Zudem ist es noch wichtig, wann Dein Hund bellt. In der Zeit von 22Uhr bis 6Uhr und in der Mittagszeit von 13 bis 15Uhr (unabhängig vom Wochentag) gilt eine allgemeine Ruhezeit. Hier werden Verstöße schneller geahndet. Zusätzliche Regelungen können auch von Kommune zu Kommune unterschiedlich sein und sind zum Teil auch auf Landesebene geregelt.

Ein Wuff ist also nicht schlimm. Sollte Dein Hund aber andauernd Bellen, solltest Du im Interesse aller Deinem Hund das Bellen abgewöhnen!

Hund das Bellen abgewöhnen – Warum bellen Hunde?

Bellen ist ein Kommunikationsmittel wie bei uns Menschen die Sprache. Natürlich kommunizieren unsere Hunde nicht nur über die Stimme, sondern auch über Körpersprache und Mimik, aber dem Hund seine Stimme ganz abzusprechen, halte ich für falsch. Das Bellen dient als Warnsystem, zum Abschrecken, als Ausdruck der Freude und vieles mehr.

Sollte Dein Hund aber durchgehend Bellen, kann das auch purer Stress sein! Häufig steigern sich Hunde immer weiter in dieses Verhalten und kommen von alleine nicht mehr heraus. Stress in gewissen Formen und gewisser Menge steckt ein Hund gut weg und ist sogar für die Entwicklung durchaus wichtig, aber zu viel Stress ist gesundheitsschädigend – sowohl physisch als auch psychisch! Und sind wir doch mal eherlich: Dauerhaftes Kläffen kann nerven! Genauso wie ein Mensch nerven kann, der ununterbrochen redet.

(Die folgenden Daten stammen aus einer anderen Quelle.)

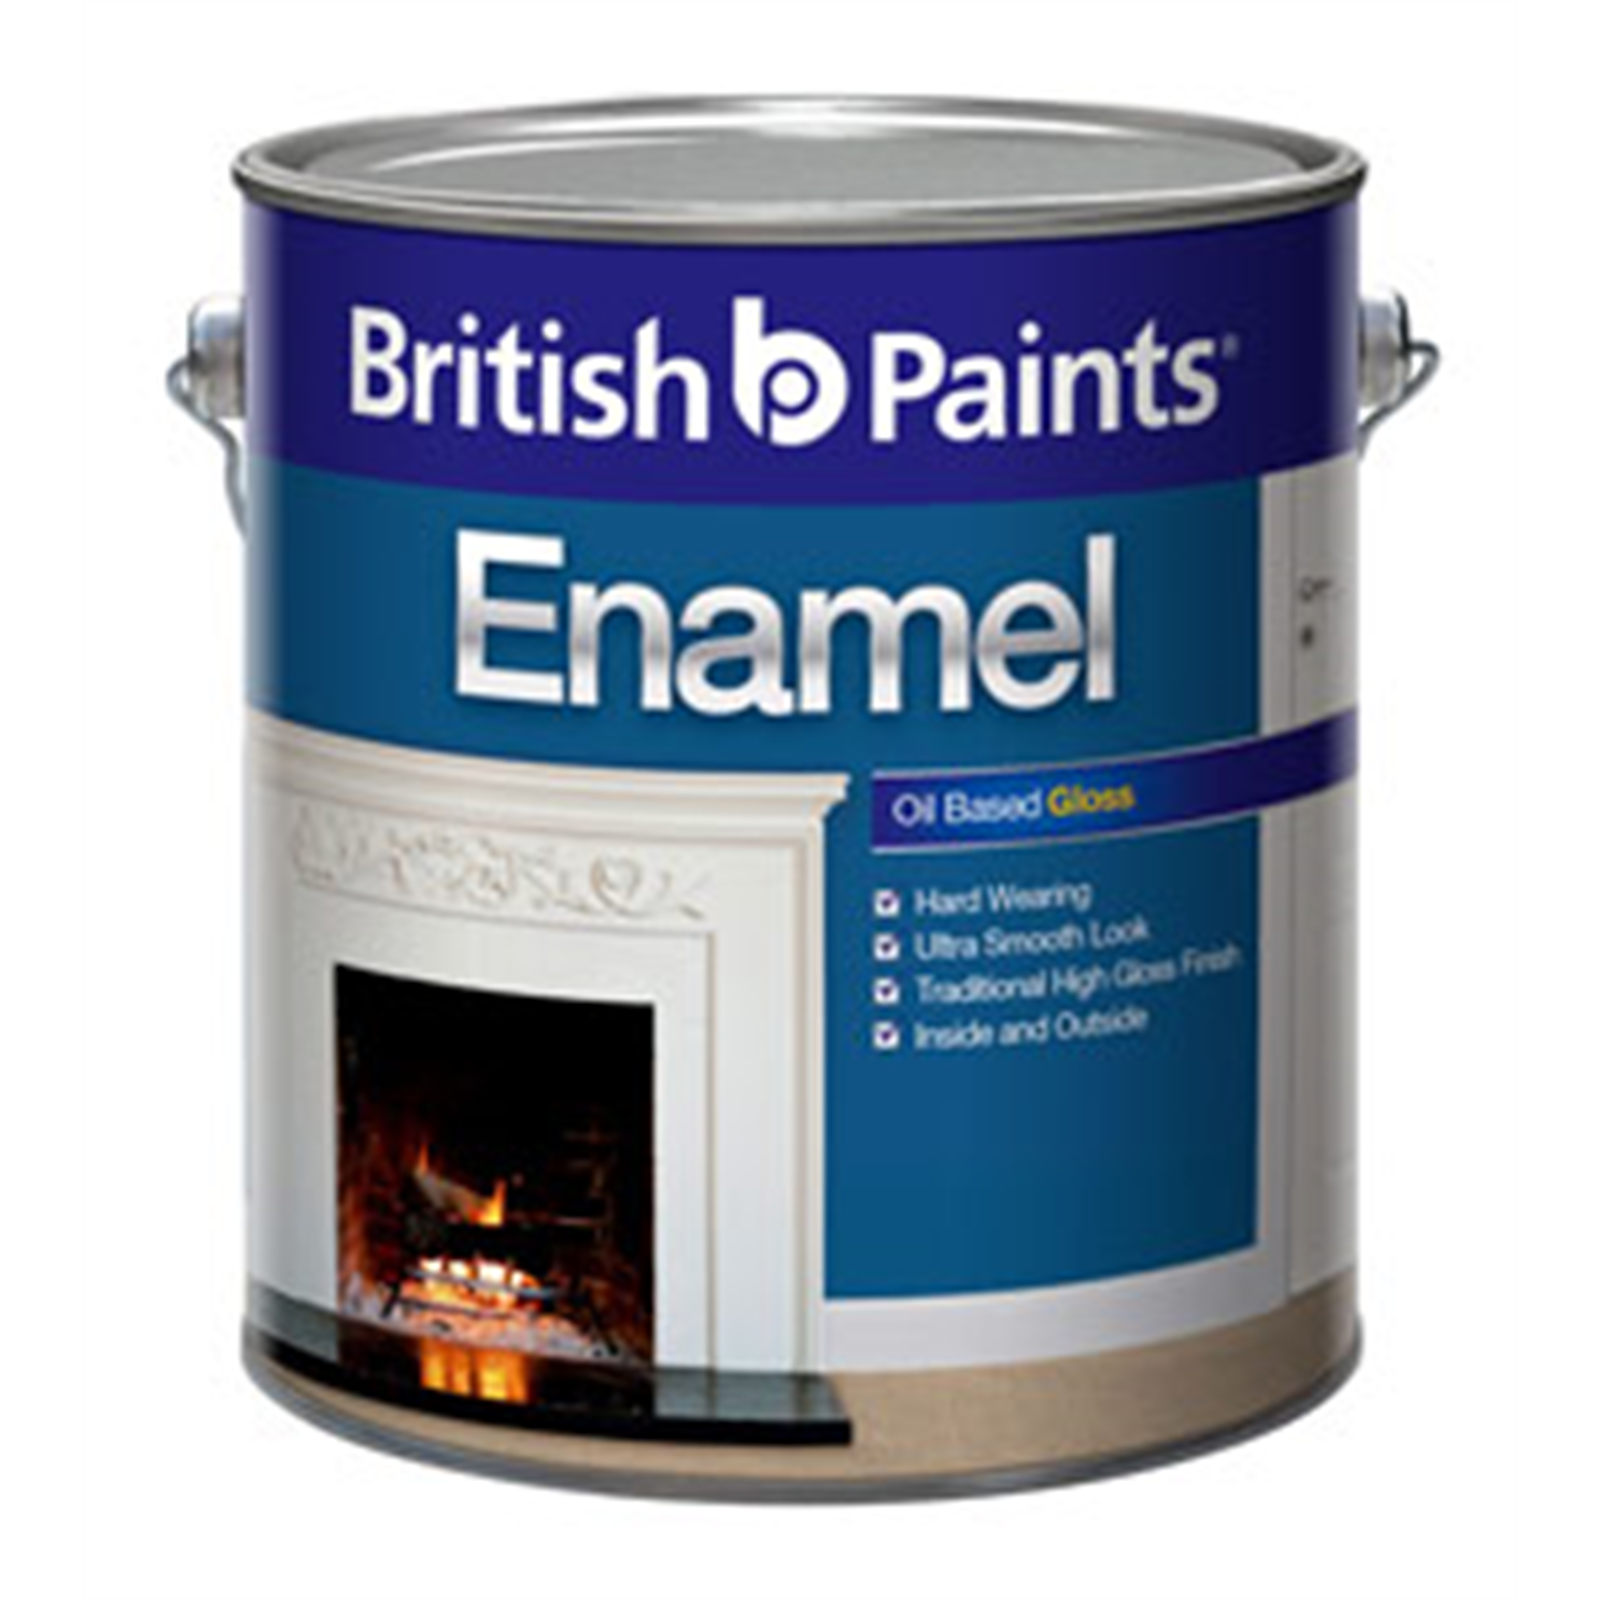 British Paints 2L Gloss White Enamel Paint

Um dem Hund das Bellen abgewöhnen zu können, solltest Du Dir also Gedanken machen, warum Dein Hund so viel bellt. Wenn Du Dir selbst nicht sicher bist, ziehe einen Hundetrainer oder Hundeverhaltenstherapeuten hinzu. Hier ein paar Gründe, warum Hunde viel bellen:

Wie kann ich meinem Hund das Bellen abgewöhnen?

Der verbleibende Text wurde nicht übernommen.